### Exercise input:
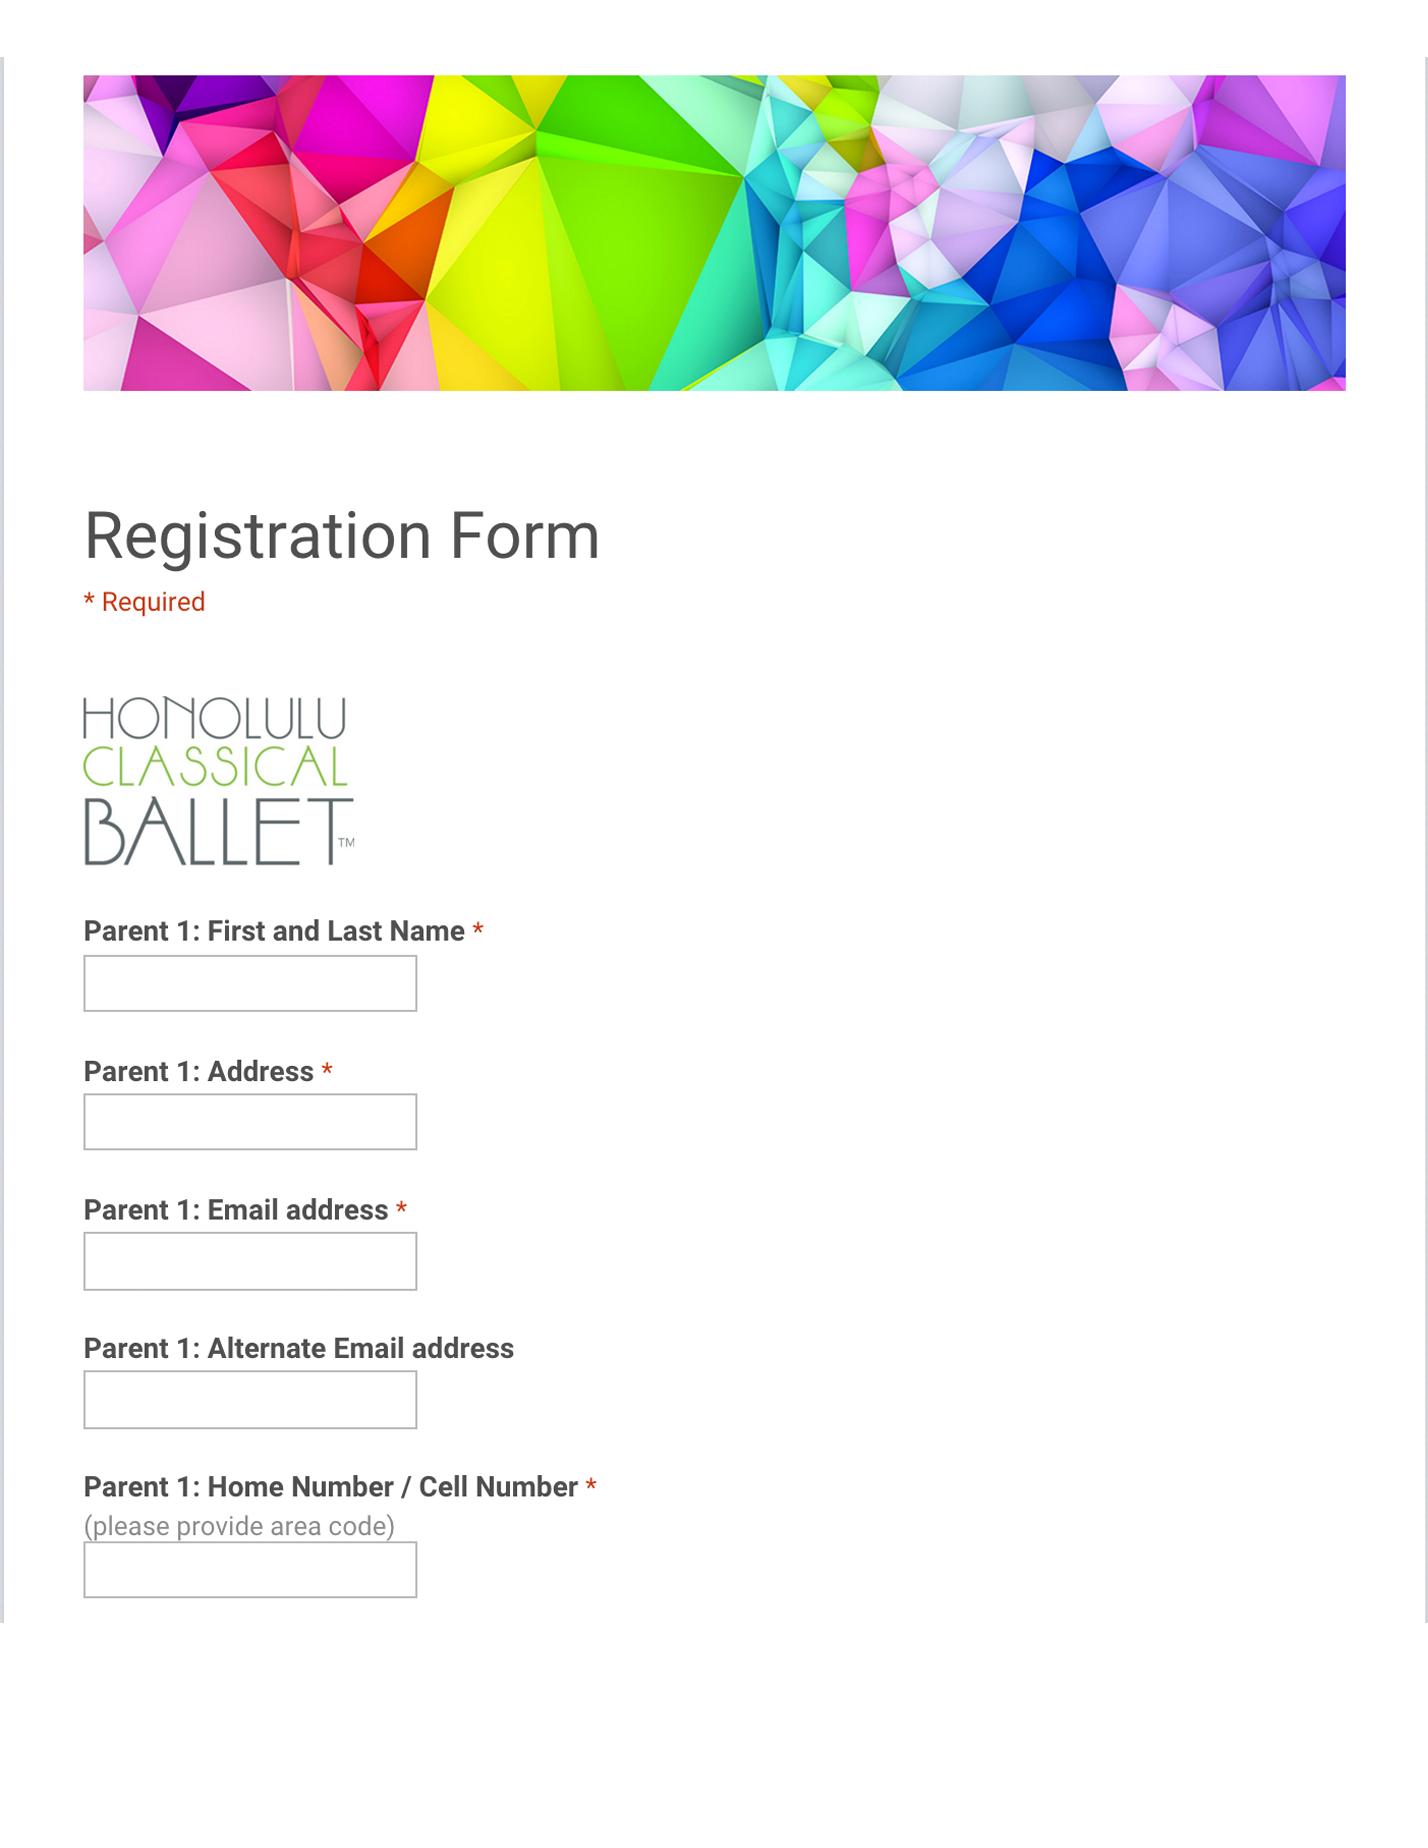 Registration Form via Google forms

* * *

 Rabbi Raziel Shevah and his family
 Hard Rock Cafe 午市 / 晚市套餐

### Work required:
A verbatim transcription is needed of the lines above, starting at the line with "Rabbi Raziel Shevah and his family" and ending at the line with "Hard Rock Cafe 午市 / 晚市套餐", both included, and of nothing else.

### Solution for this exercise:
 Rabbi Raziel Shevah and his family
 Hard Rock Cafe 午市 / 晚市套餐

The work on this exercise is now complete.